→ EXERCISE DATA
------------------------------------------------------------------------
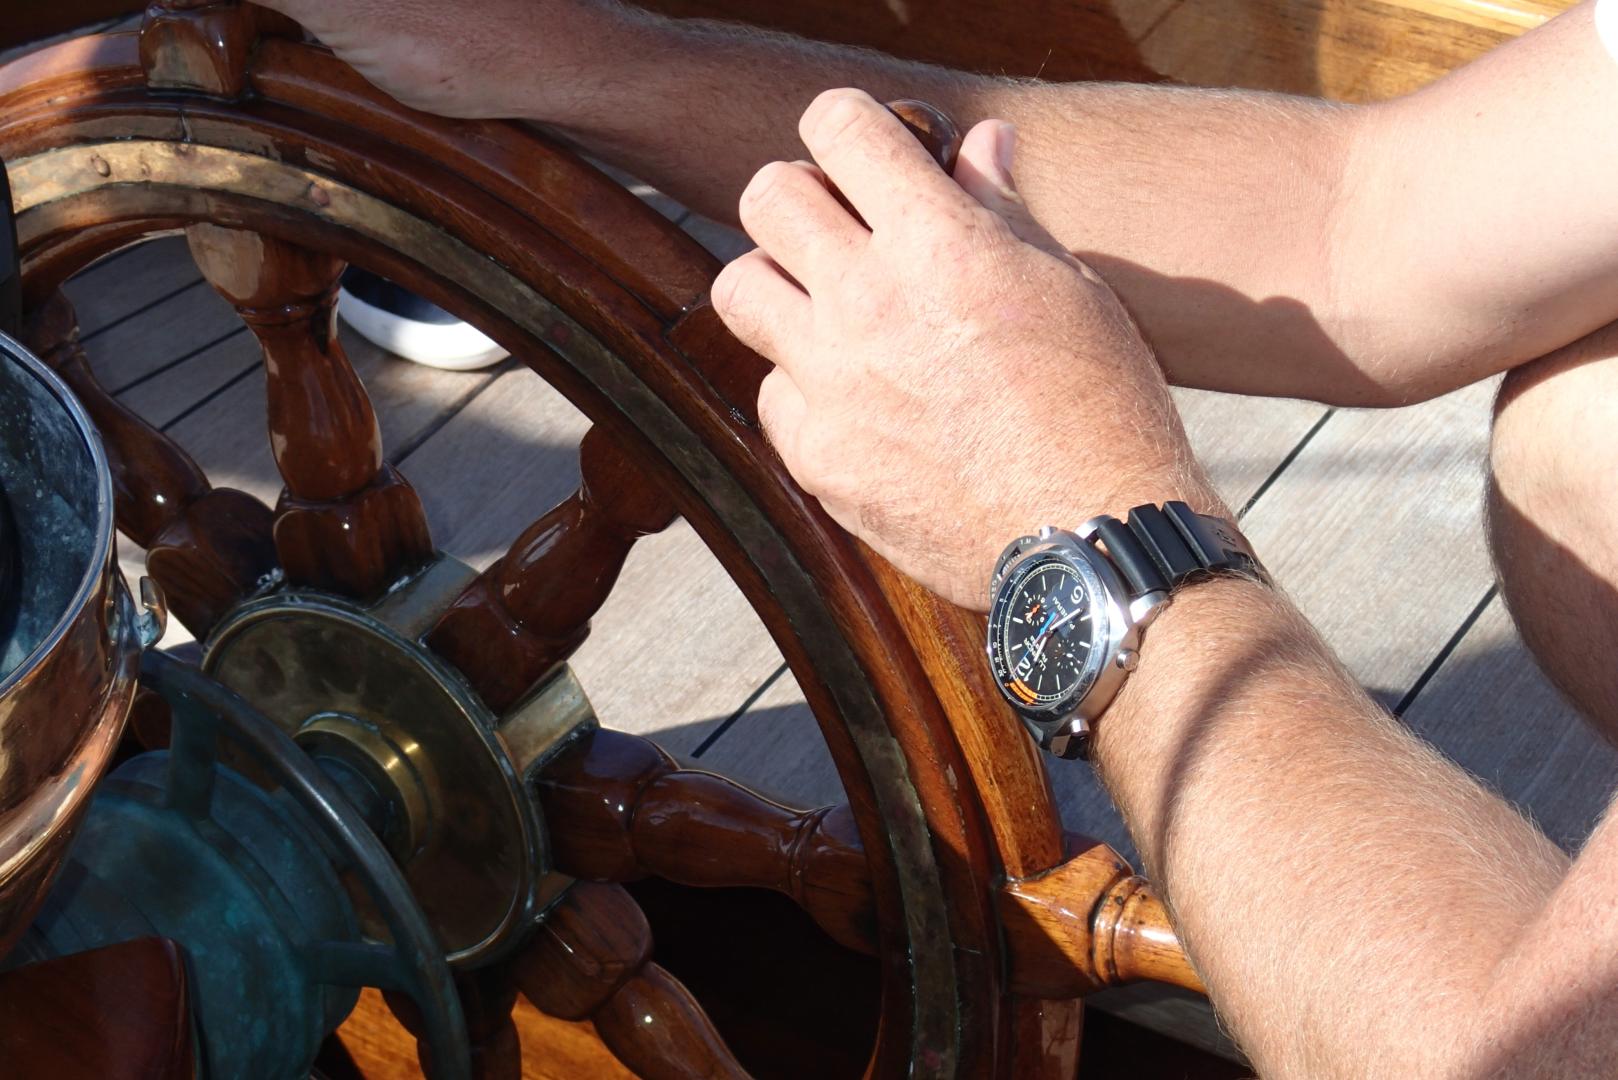 Panerai orologio regata a bordo di Eilean 
ph.Luzzatto©
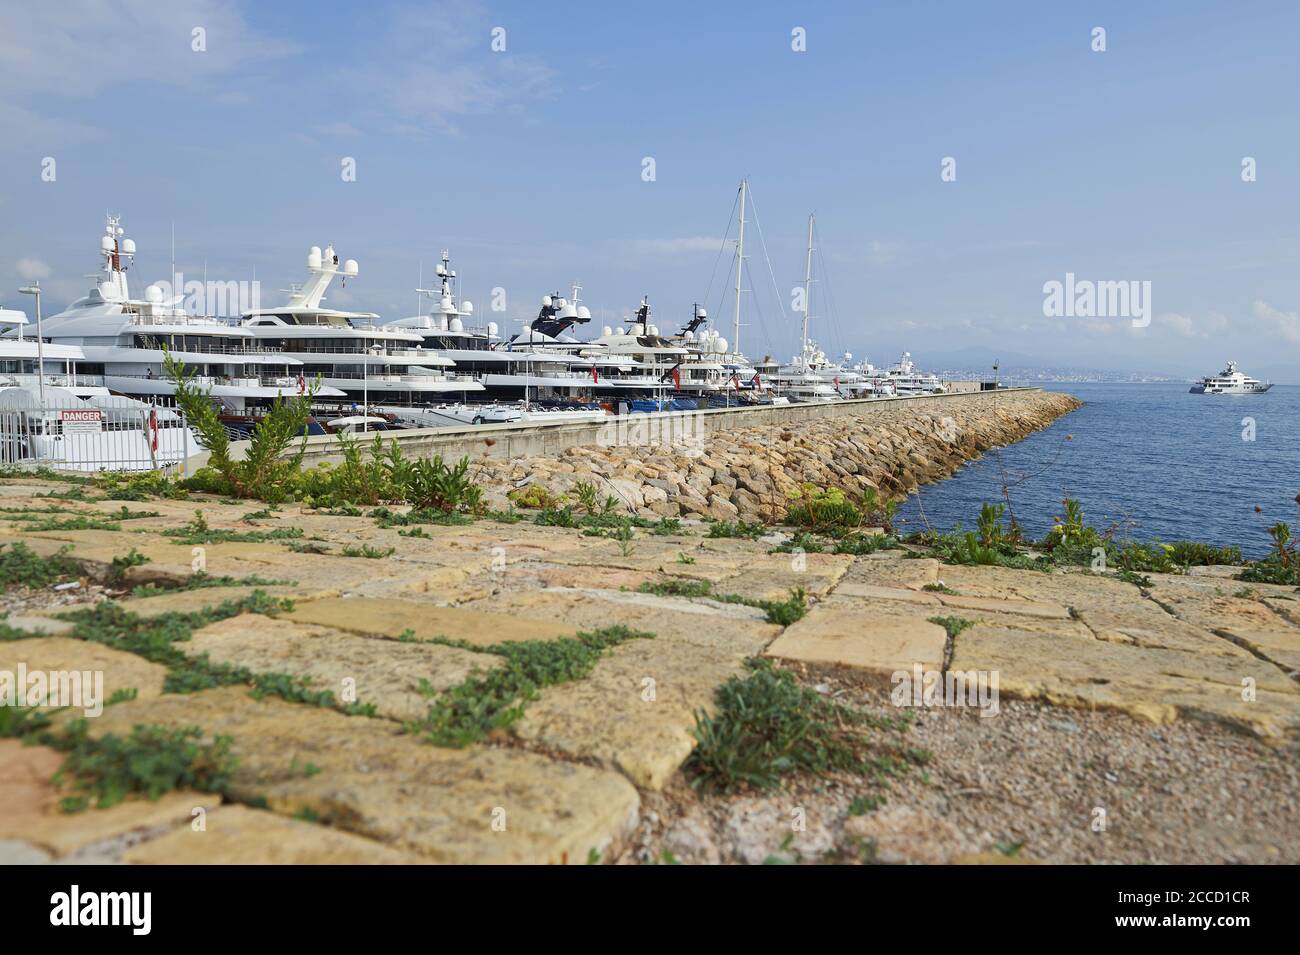 Antibes (sud-est de la France) : port de plaisance de Vauban. Quai des Milliartaires (quai des milliardaires) ou International Yacht Club d'Antibes (IY Banque D'Images
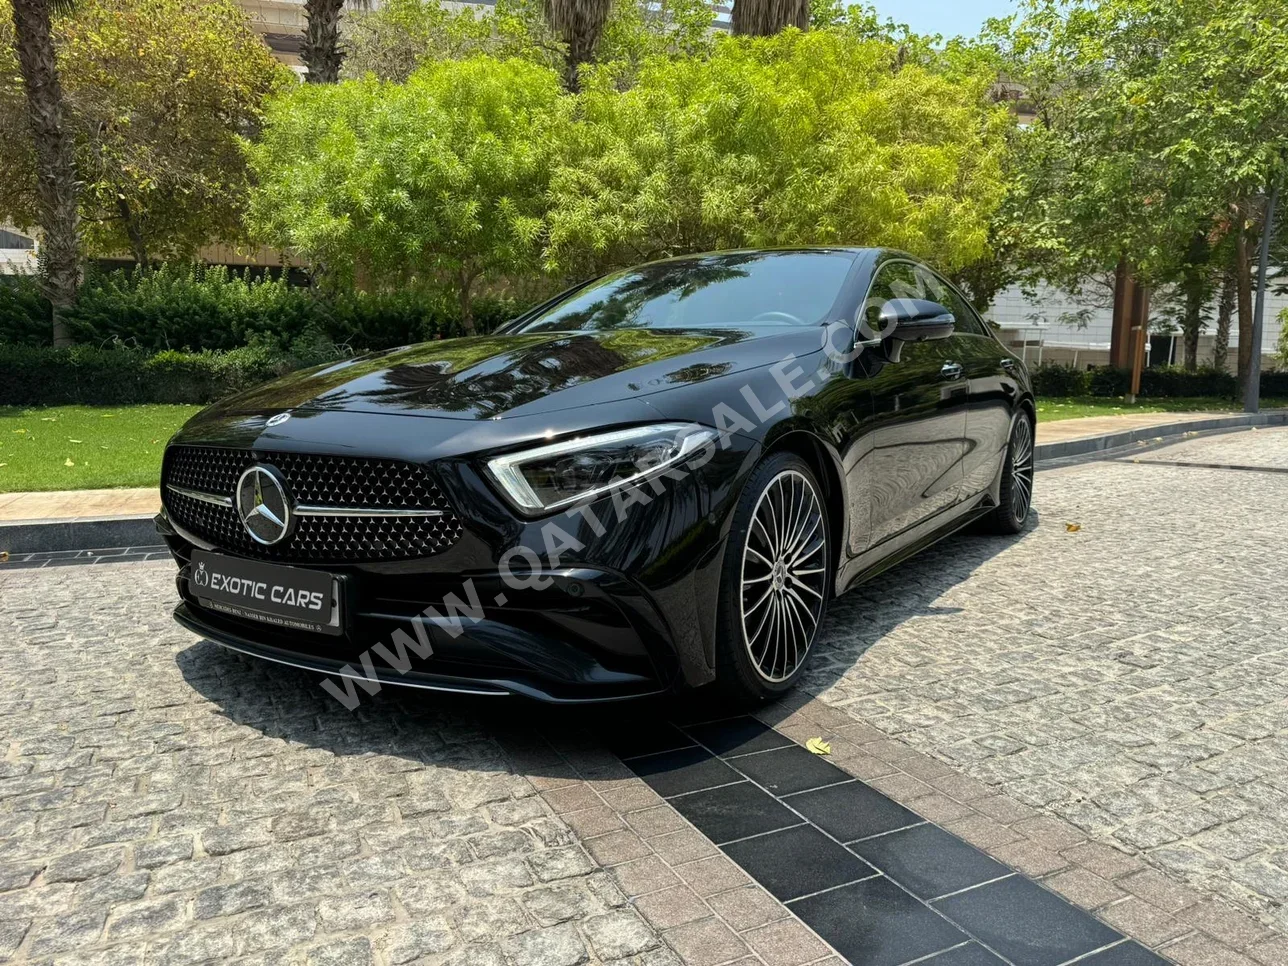 Mercedes-Benz  CLS  350 AMG  2023  Automatic  3,000 Km  6 Cylinder  Rear Wheel Drive (RWD)  Sedan  Black  With Warranty
------------------------------------------------------------------------
→ PROMPT
Return the whole listing, word for word, and leave out every picture.

→ THE COMPLETED TASK
 Panerai orologio regata a bordo di Eilean 
ph.Luzzatto©
 Antibes (sud-est de la France) : port de plaisance de Vauban. Quai des Milliartaires (quai des milliardaires) ou International Yacht Club d'Antibes (IY Banque D'Images
 Mercedes-Benz  CLS  350 AMG  2023  Automatic  3,000 Km  6 Cylinder  Rear Wheel Drive (RWD)  Sedan  Black  With Warranty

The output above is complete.